Make your HTML pages smarter with RDFa 1.1 Lite

Optimize for search engines and other sophisticated tools

Resource Description Framework (RDF) has evolved into increasingly pragmatic formats over time. RDF annotation (RDFa) has been particularly successful as a system for annotating HTML documents inline on the web. It is supported by Google and other search engines in the form of Rich Snippets. The emergence of microdata and the Schema.org initiative applied pressure to simplify RDFa even further. The W3C took action and produced a radically simplified version: RDFa 1.1 Lite. In this article, learn about RDFa Lite, and get a head start on producing and processing the shape of Rich Snippets to come.

Share:

Uche Ogbuji, Partner, Zepheira, LLC

Photo of Uche OgbujiUche Ogbuji is a partner at Zepheira, where he oversees creation of sophisticated web catalogs and other richly contextual databases. He has a long history of pioneering in advanced web technologies such as XML, semantic web and web services, and open source projects like Akara, an open source platform for web data applications. Uche is a computer engineer and writer born in Nigeria, living and working near Boulder, Colorado. You can find more about Mr. Ogbuji at his weblog, Copia.



01 May 2012

Also available in Chinese Russian Japanese

Overview

Historically, technologies on the web have focused on how pages and sites looked and felt. The most important considerations were: a visually attractive design, links and JavaScript applications that worked as intended, and garnering the latest multimedia features. It became increasingly important to have a prominent listing on search engines. Alas, search engines see none of the design or dynamic behavior of a website; they see markup, most of which is in boldface, italics, or set aside as a content block.

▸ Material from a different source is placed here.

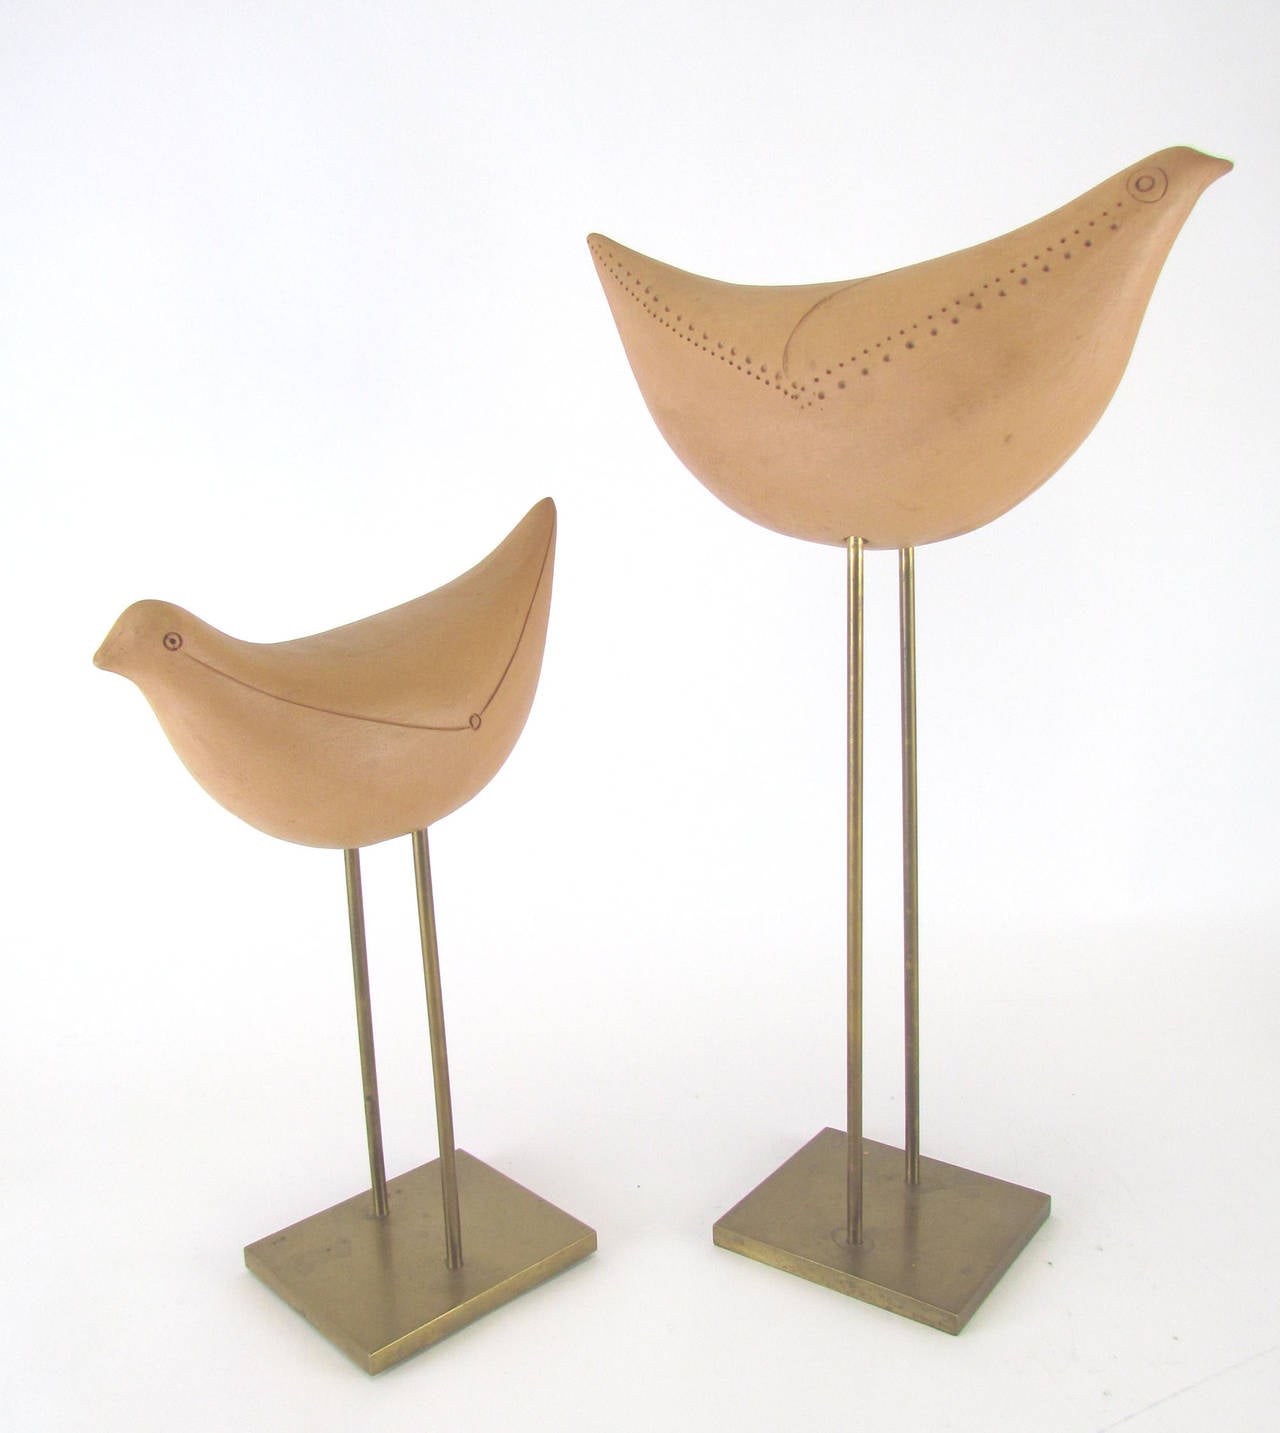 Pair of birds in unglazed terracotta with incised decoration, designed by Aldo Londi for Bitossi, Italy, circa 1960s. Rare pair of original editions with leather-like appearance.

Larger one measures 13.5

Frequently used abbreviations

  • HTML: HyperText Markup Language
  • RDF: Resource Description Framework
  • SEO: Search Engine Optimization

Web authors began to realize they needed more than the presentational flourishes. They needed to define to a search engine, or other such software, what the structured data really was. For example, this is a price, this is an event's date, and the other item is a person's contact information. There was a need for a "web of data," an idea that, for a long time, had been the main concern of those interested in Resource Description Framework (RDF).

The idea behind RDF is very simple, but unfortunately much of how it is defined, discussed, and processed is far too complex. Regarding web technology, a common pragmatic tip is: "Make sure a regular web author can learn it in a day." It has taken many years, but there's finally a flavor of RDF that passes this test: RDFa 1.1 Lite.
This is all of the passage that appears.